Unnamed: 0,Rating,Reviews,Installs,Price,NameLen,Bytes
0,-0.135617,-0.158066,-0.622296,-0.064801,1.892152,-0.168784
1,-0.502884,-0.157633,0.31151,-0.064801,-0.32238,-0.382041
2,0.966185,-0.111185,0.934048,-0.064801,2.220231,-0.608095
3,0.598918,-0.042415,1.556585,-0.064801,-0.158341,0.087126
4,0.231651,-0.157633,0.000242,-0.064801,1.153974,-0.859739



## Methods

Sklearn Method No.1: Random Forest Classification

Sklearn Method No.2: Logistic Regression

Tensorflow Method: Multi-Layer Perceptron Neural Network

In [6]:
import sklearn
from sklearn.ensemble import RandomForestClassifier
from sklearn.linear_model import LogisticRegression
from sklearn.metrics import roc_auc_score
import tensorflow as tf

# for tuning
import matplotlib.pyplot as plt
from statistics import mean

# easy testing flag to see verbose output
VERBOSE=0

### Random Forest Classification Model

In [7]:
def run_rf(n_estimators=num_cats):
    rf_model = RandomForestClassifier(n_estimators=n_estimators, random_state=69, verbose=VERBOSE)
    rf_model.fit(X_train, y_train)
    return rf_model

# sample run
m = run_rf()
prob = m.predict_proba(X_test)
if int(sklearn.__version__.split(".")[1]) >= 22:
    print("RF Accuracy:", m.score(X_test, y_test), "RF AUC:", roc_auc_score(y_test, prob, multi_class="ovr"))
else:
    print("RF Accuracy:", m.score(X_test, y_test))

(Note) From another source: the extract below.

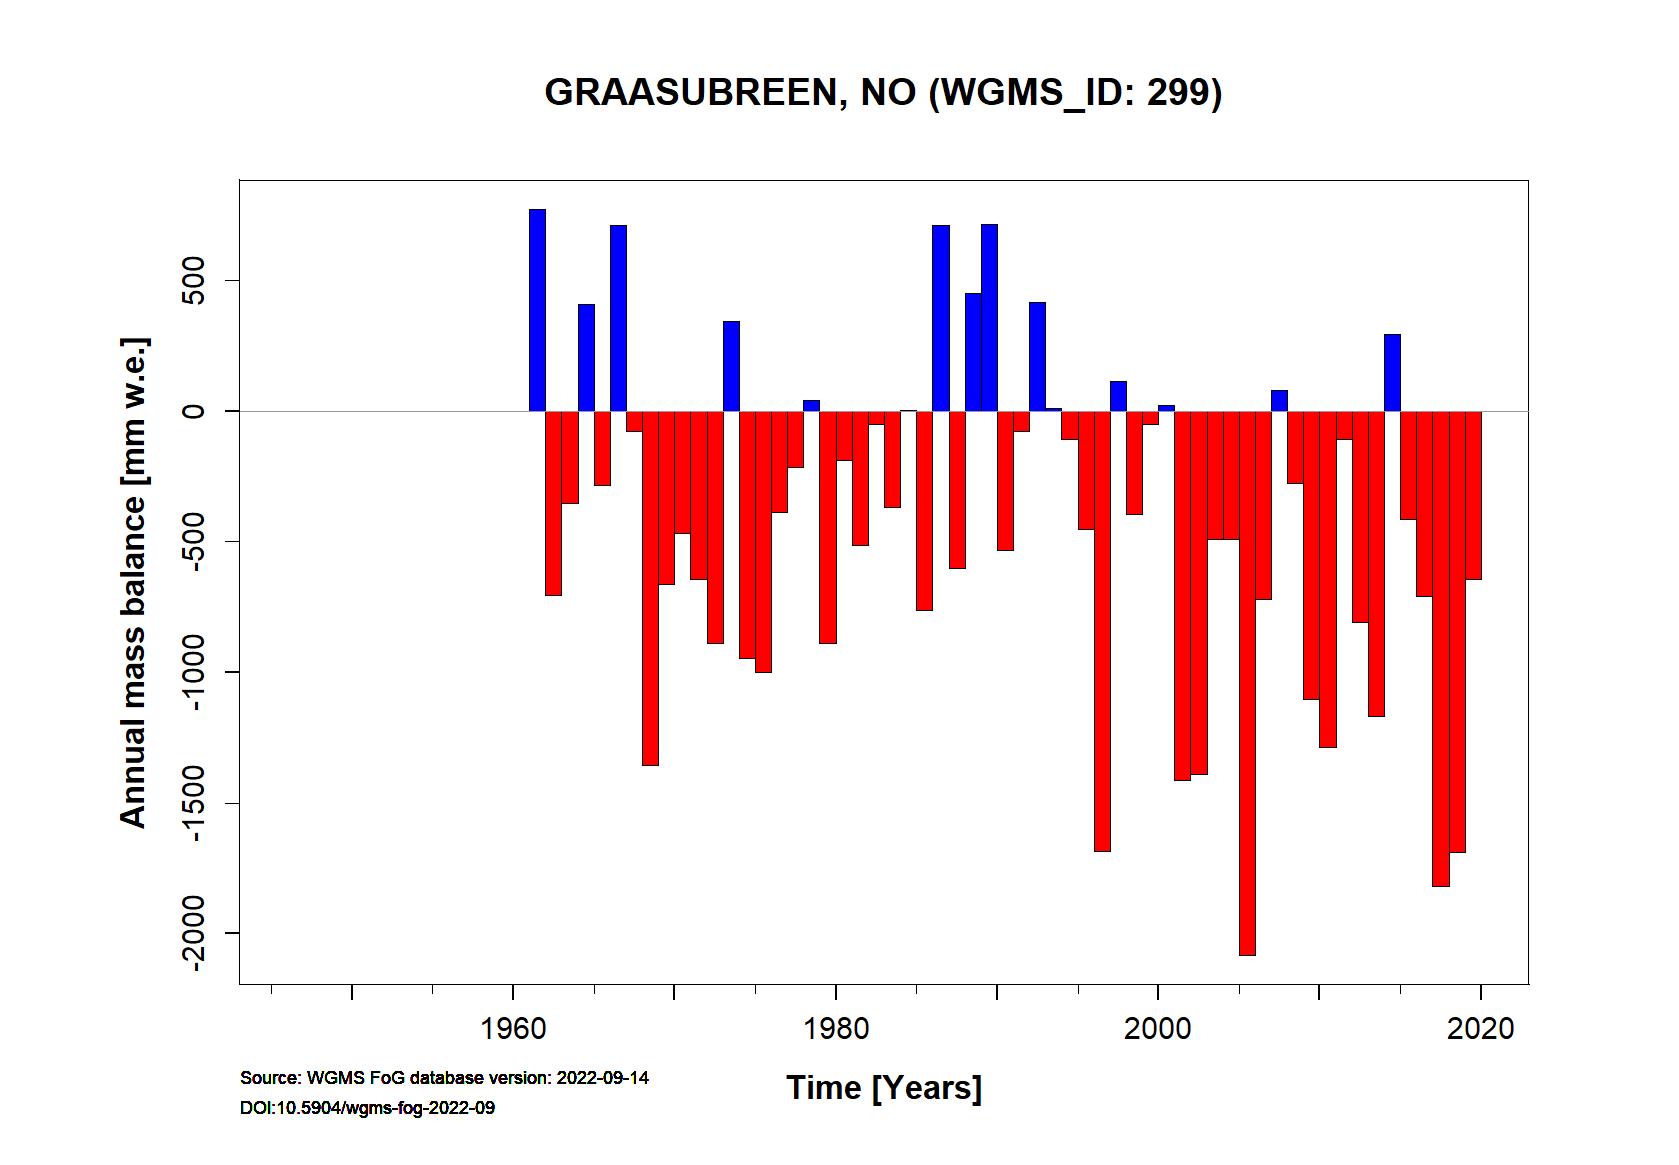 Graasubreen Annual Mass Balance (WGMS, 2016)

RF Accuracy: 0.315006468305304


#### Estimator Count Tuning

In [8]:
range_est = range(num_cats, num_cats*11, num_cats)
rf_acc = []
maxx_rf = (0, 0)
for est in range_est:
    m = run_rf(est)
    a = m.score(X_test, y_test)
    rf_acc.append(a)
    if a > maxx_rf[0]:
        maxx_rf = (a, est)
print("Best Run:", maxx_rf)
plt.title("Accuracy vs. Number of Estimators")
plt.xlabel("n_estimators")
plt.ylabel("Accuracy")
plt.plot(range_est, rf_acc)

KeyboardInterrupt: 

### Logistic Regression Classification Model

In [None]:
def run_lr(max_iter=100):
    lr_model = LogisticRegression(penalty="l2", solver="saga", max_iter=max_iter, multi_class="auto", verbose=VERBOSE)
    lr_model.fit(X_train, y_train)
    return lr_model

# sample run
m = run_lr()
prob = m.predict_proba(X_test)
if int(sklearn.__version__.split(".")[1]) >= 22:
    print("LR Accuracy:", m.score(X_test, y_test), "LR AUC:", roc_auc_score(y_test, prob, multi_class="ovr"))
else:
    print("LR Accuracy:", m.score(X_test, y_test))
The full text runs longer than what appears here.